Für mich ist Zwangsprostitution ein schwieriges Thema. Ich möchte nicht abstreiten, dass es Zwangsprostitution in Deutschland gibt, sowohl in Form von Menschenhandel als auch (viel häufiger) in Form von Ausnutzung von Notlagen und Abhängigkeiten. Andererseits stellen viele Prostitutonsgegner es so hin, als wäre jede Form von Prostitution Zwangsprostitution oder zumindest sehr massiven wirtschaftlichen Zwängen geschuldet. Damit bringen sie mich und jede andere Frau, die dieser Tätigkeit freiwillig nachgeht, in die Position, höchst private und intime Entscheidungen und Geschichten darlegen und rechtfertigen zu müssen. Die Steigerung davon ist es, nicht nur diese Geschichten zu verdrehen, sondern auch die psychische Gesundheit und Entscheidungsfähigkeit von Frauen in der Prostitution in Frage zu stellen.
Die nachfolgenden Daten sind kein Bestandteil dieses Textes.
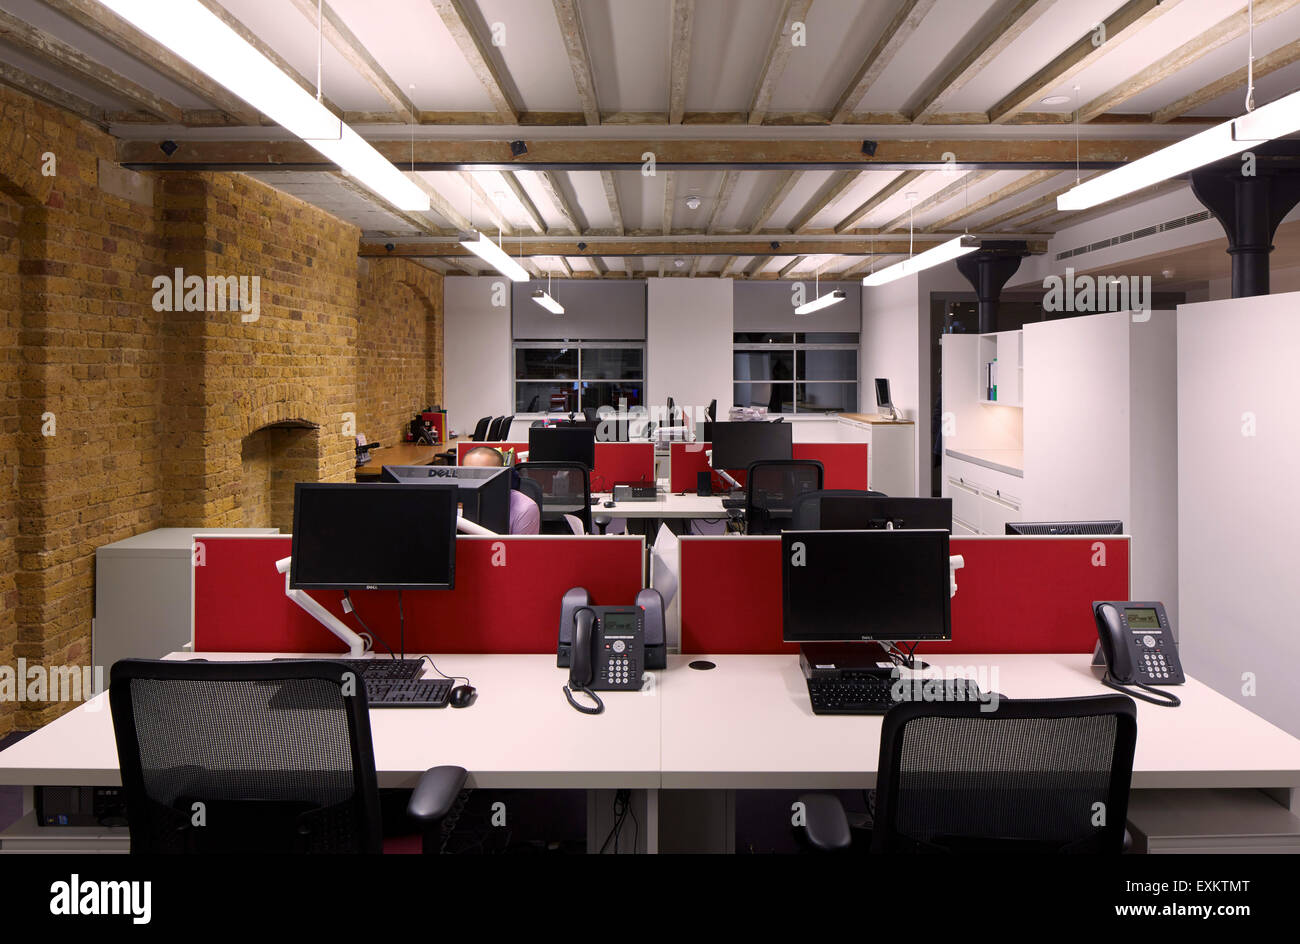 Verwaltungsbüro. Königliche Hochschule der Augenärzte, London, Vereinigtes Königreich. Architekt: Bennetts Associates Architects, 201 Stockfoto
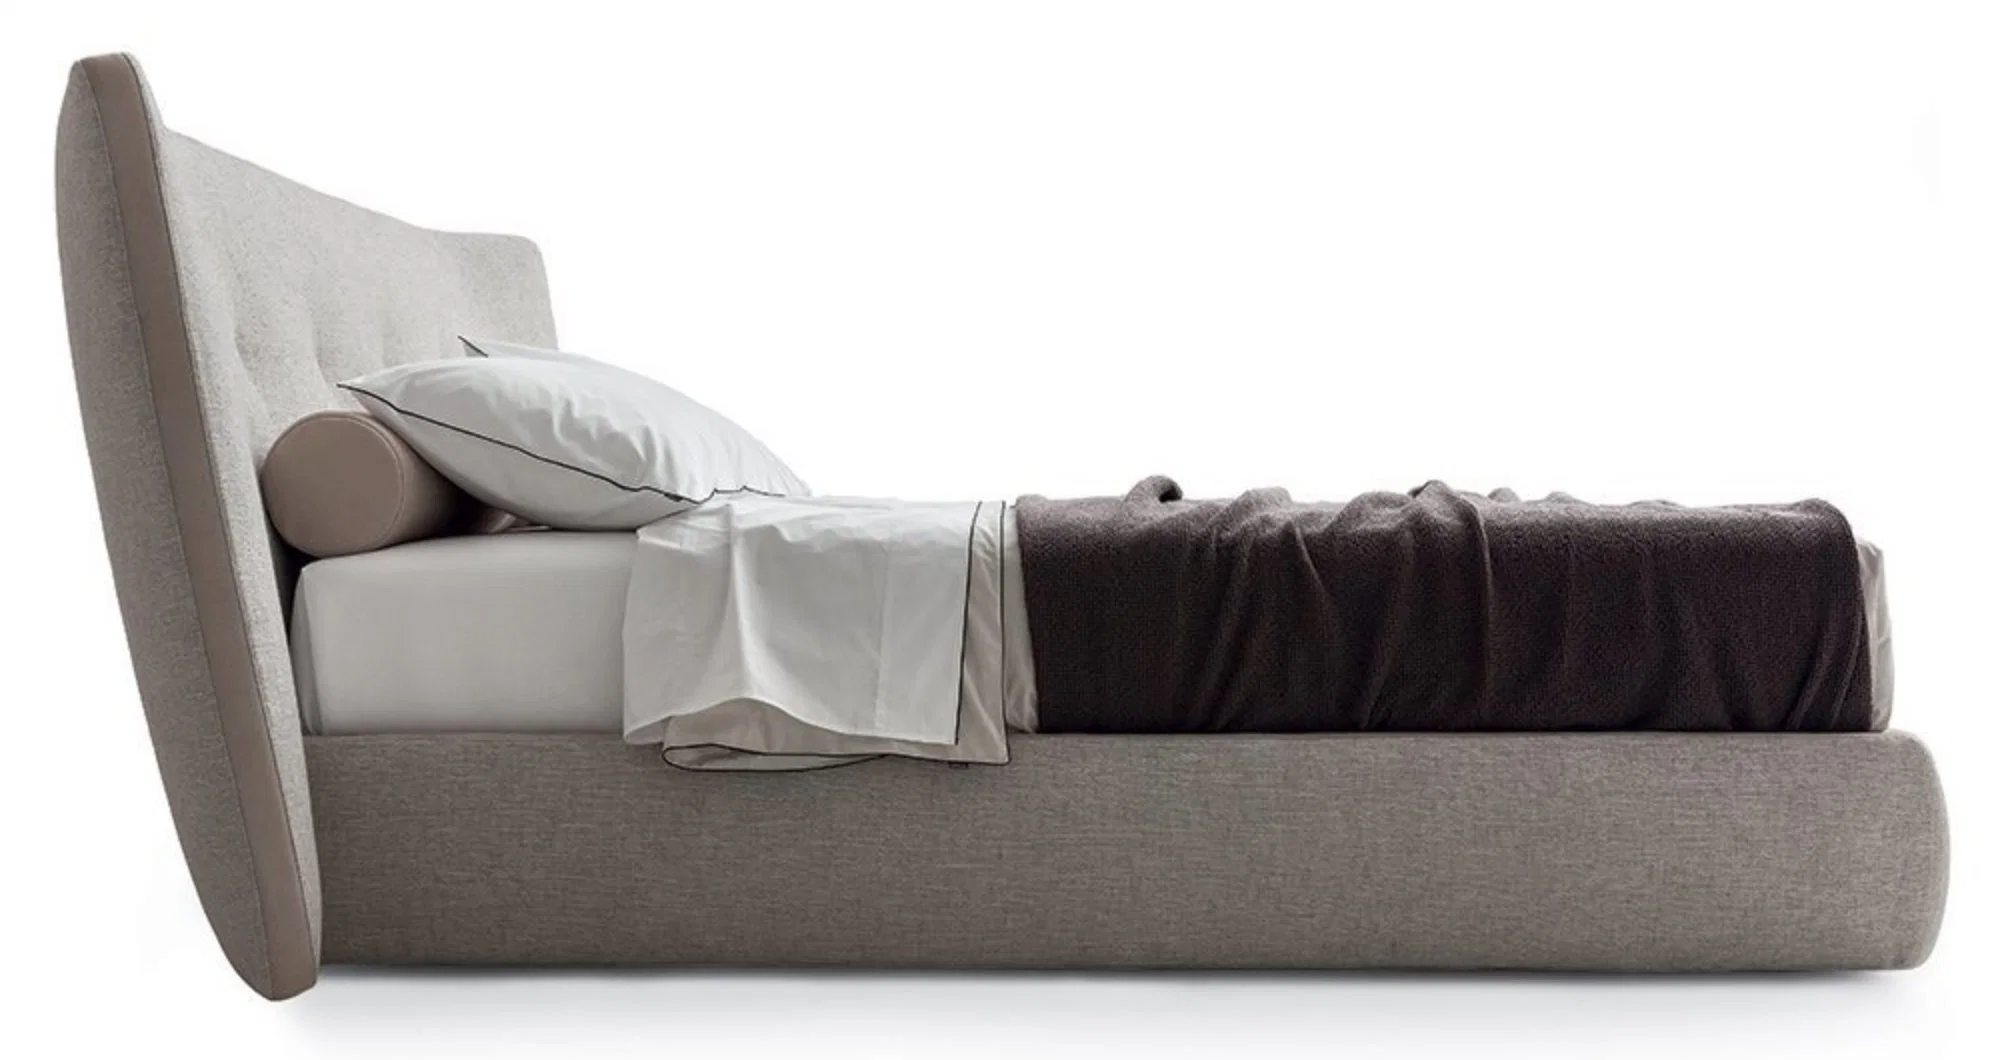 OEM/ODM европейской роскошью современной мебелью с одной спальней Letto выставке BETT Tufted мягкая кровать размера кинг деревянные кровати из натуральной кожи

Ziemlich weit oben auf meinem SUB (Stapel ungelesener Bücher) liegt das Buch „Entmenschlicht“ von Huschke Mau, einer der führenden Prostitutionsgegnerinnen in Deutschland und Verfechterin des „Nordischen Models“. Sie vertritt ziemlich genau die gerade beschriebenen Auffassungen. Im Zusammenhang mit ihrer Geschichte kann ich das nachvollziehen und schätze durchaus auch viele ihrer Texte. Trotzdem finde ich ihren eingleisigen Blick und ihre Kompromisslosigkeit falsch. (Rezession des Buches folgt, sobald ich es gelesen habe.)

Zwangsprostitution und Sexarbeit (als Oberbegriff für freiwillige Prostitution in all ihren unterschiedlichen Aspekten) sind für mich zwei völlig unterschiedliche Dinge – so wie vielleicht der Unterschied zwischen Sklaverei und Lohnarbeit. Das eine gehört zu Recht bekämpft, das andere hat eine Funktion in der Gesellschaft.